Having legislative term limits, cutting the size of the legislature, and losing legislative control of redistricting sends the message to legislators that the legislative job has to be a part-time one, because the average person without great financial resources needs the security of a job for the long haul. The power of a constituency over a legislator is far less for a short-term part-time job than for a full-time long-term job. The real power over the legislator will lie in the employers who pay the long-term private salaries.

In short, I support none of his proposals in total. I could support some version of expanded open records and some version of campaign finance reform, but it is likely not a version that would be Rendell's first choice. I could also support expanding the legal qualifications of judges, but that is not something the Bar Association supports. They want to be able to support the inexperienced people of their choice no less than do some political leaders at some times.

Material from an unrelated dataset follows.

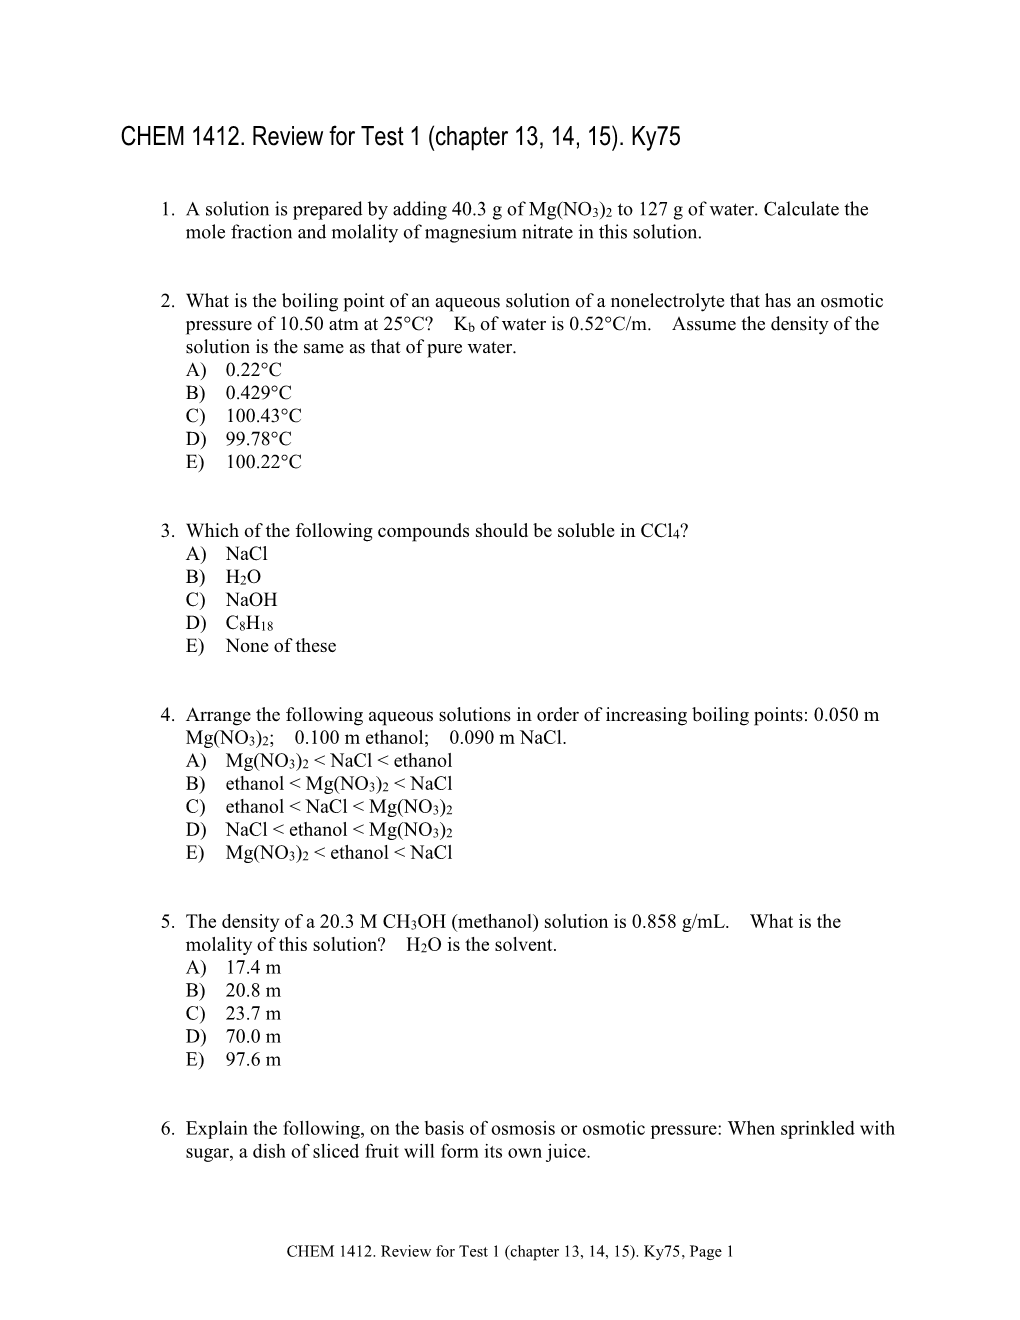 CHEM 1412. Review for Test 1 (Chapter 13, 14, 15). Ky75

Labels such as "reform" or "progressive" can be somewhat complex or confusing. The question is whose interests is one representing. I am representing the interests of the average citizen and the public as a whole. Rendell is not.

His pushing of this package will encourage far more intense scrutiny of the rest of his legislative package for the forseeable future.

Point by point

Open records: I buy that open records can make for juicy TV and newspaper gossip. But the news media looking at records can also serve the public good, and I would say the public interest here outweighs the potential for abuse. And the public has a funny way of deciding what they do or don't care about for themselves. For someone who supports the "little fellers," you sometimes seem not to think very highly of their critical ability, at least when television is involved.

Merit selection of judges: So, the reason why lawyers work for small clients, unions, or in the public interest is because they got bad grades and couldn't do any better? Ouch. Still, there isn't any reason why "merit" only has to mean your LSAT scores -- the nomination and selection process also could and should include some questions about competence and experience in all kinds of work. It's not all Anthony Gonzalezes out there -- the federal system gets some good ones, and when they put up bad ones, there's a fierce fight about it, on which public opinion definitely weighs in. And if a whole bunch of tenants-rights lawyers and other Jimmy Stewart types were getting judgeships now, I don't think there'd be much sentiment for change.

Campaign contributions: Again, I don't see a world where millionaires are tripping over themselves to become state representatives. Governors and mayors, sure. But as you've reminded us, your job is tough and not especially rewarding. You certainly would be treated with more deference if you were a CEO.

Would you support campaign finance if it included a millionaires' exemption? Again, I think the concern now is that the "little fellers" aren't shelling out thousands of dollars for campaigns -- major lobbying interests are. And while that might make it tougher for unions and other Dem standbys to pump money in for candidates, it also removes questions of conflict-of-interest and might break some of the influence of the NRA and other unprogressive groups. So I will take it, as I will take candidates who can raise lots of little donations to replace the handful of big ones.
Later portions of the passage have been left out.